§ Problem to work on: Reproduce the listing in full. Omit the pictures.

§ Supplied material:
= = = = =

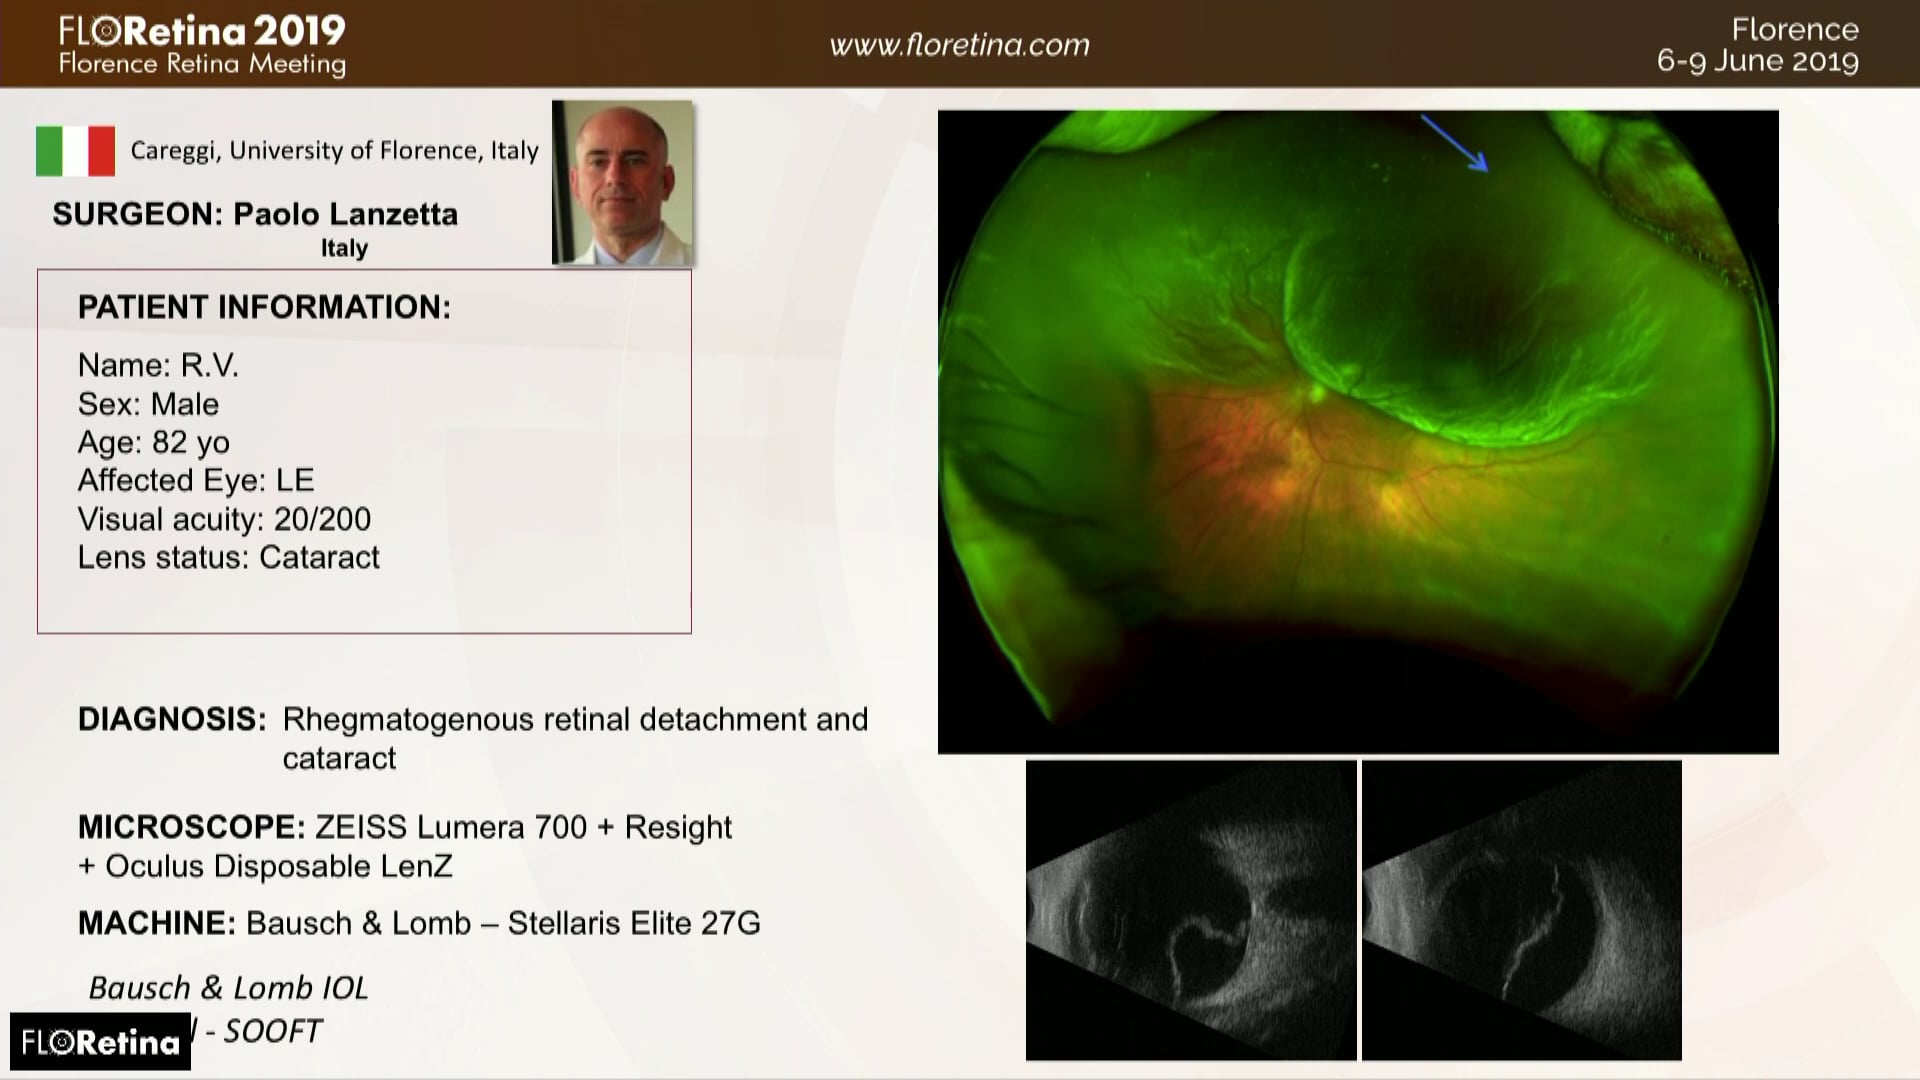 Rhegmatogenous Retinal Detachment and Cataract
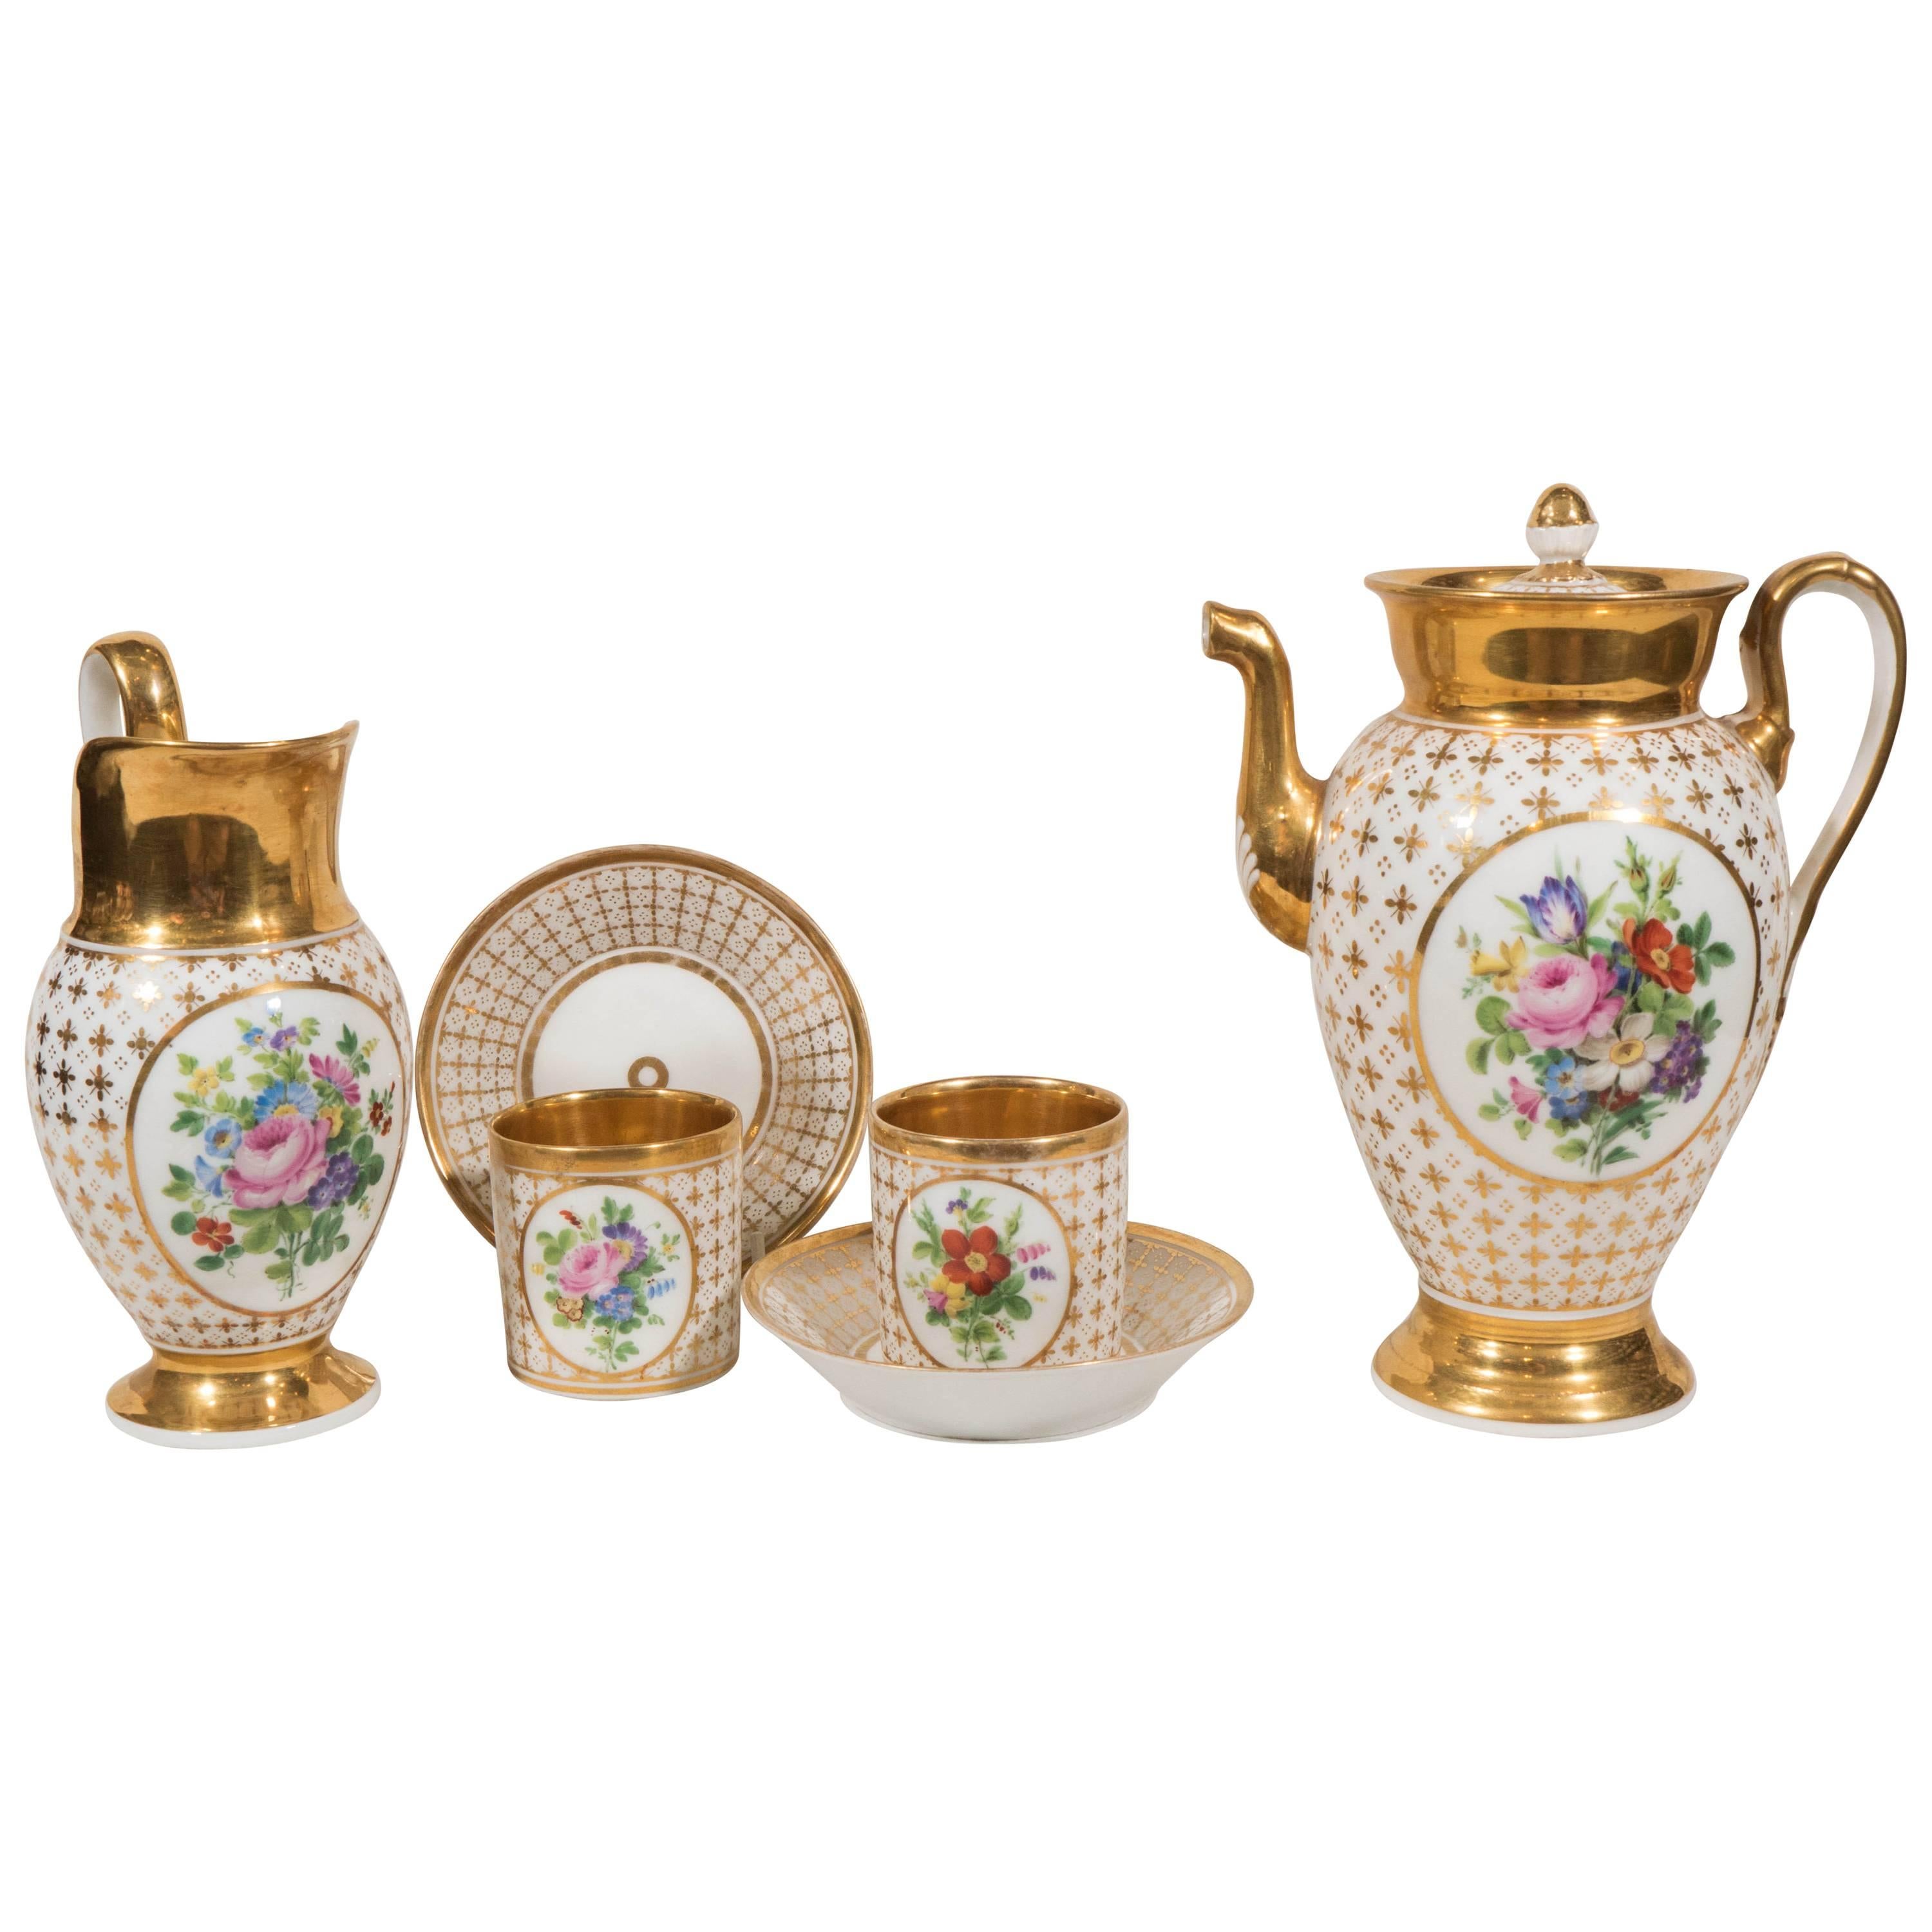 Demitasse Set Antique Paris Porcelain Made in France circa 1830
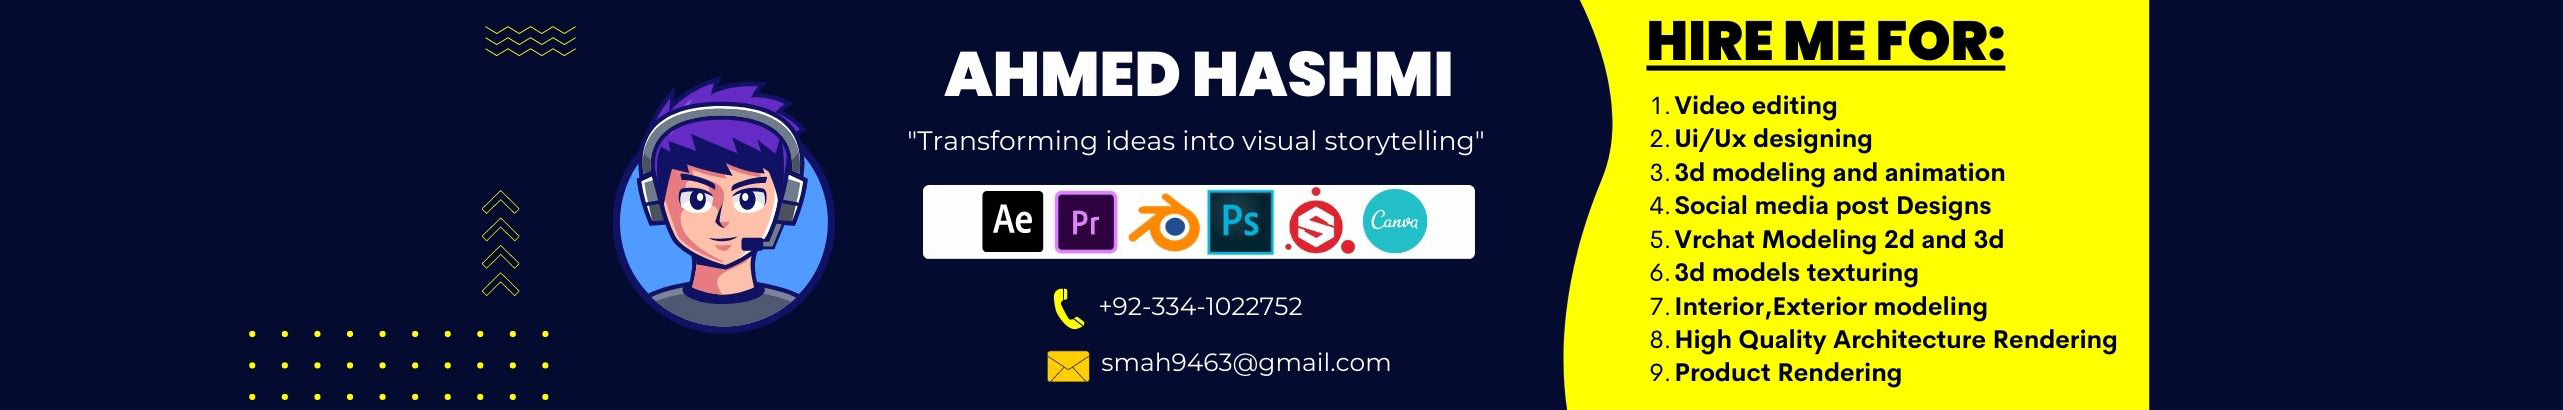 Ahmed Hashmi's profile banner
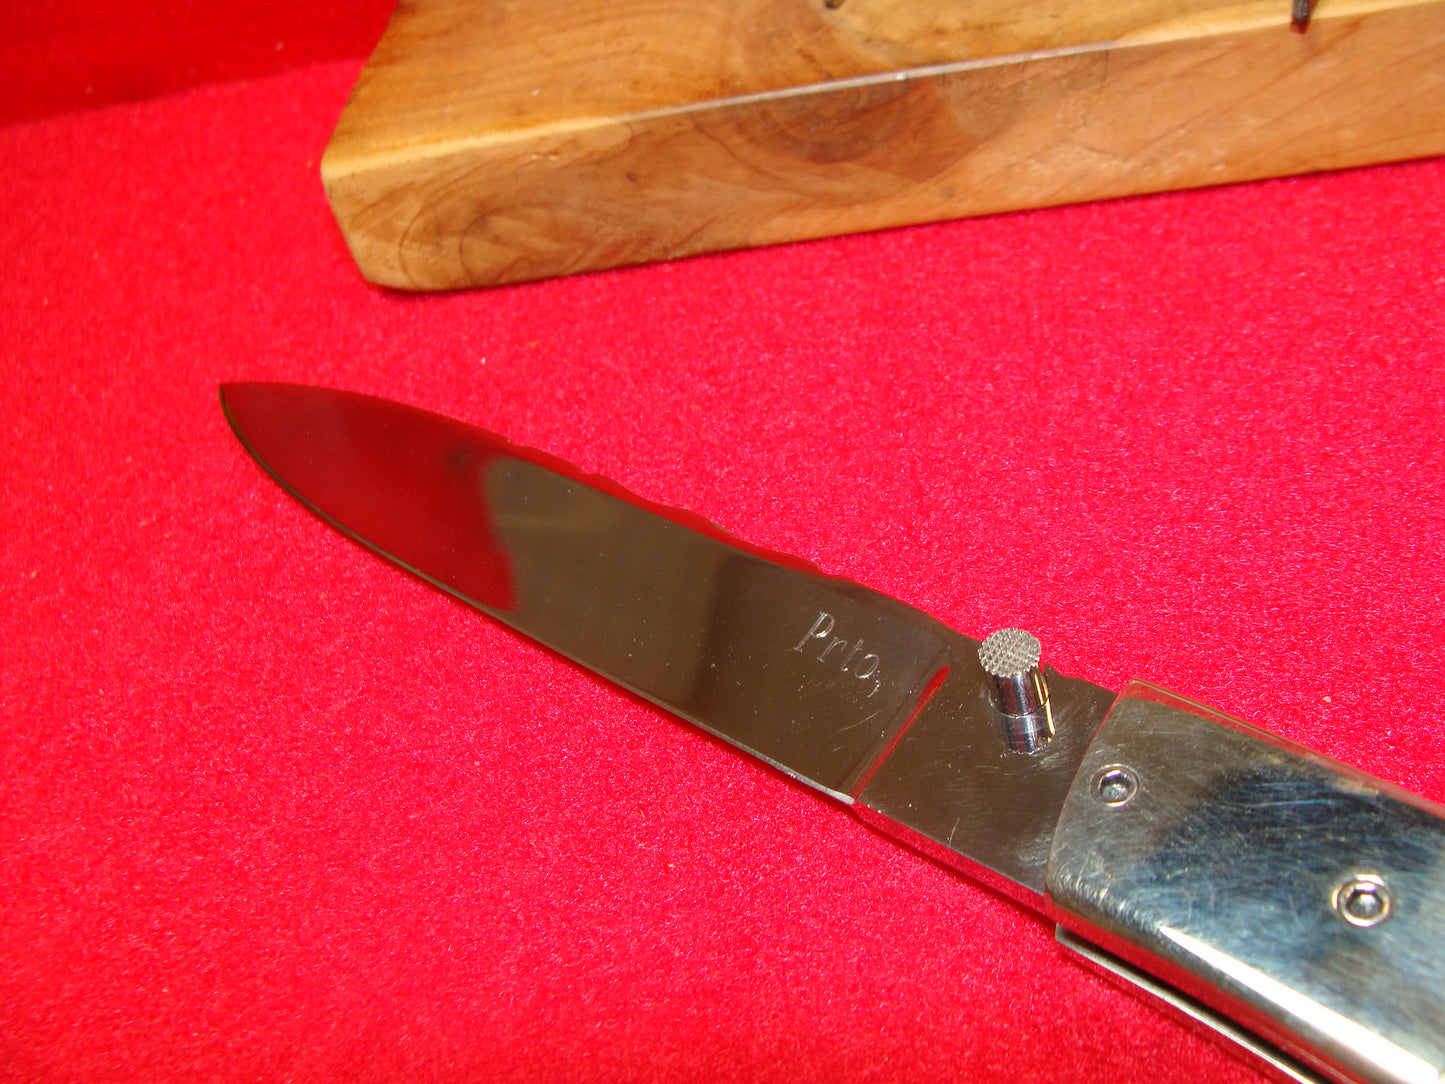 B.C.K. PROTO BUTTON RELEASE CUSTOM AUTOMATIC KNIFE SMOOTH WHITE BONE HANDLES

= = = = =

§ Solution:
 Rhegmatogenous Retinal Detachment and Cataract
 Demitasse Set Antique Paris Porcelain Made in France circa 1830
 Ahmed Hashmi's profile banner
 B.C.K. PROTO BUTTON RELEASE CUSTOM AUTOMATIC KNIFE SMOOTH WHITE BONE HANDLES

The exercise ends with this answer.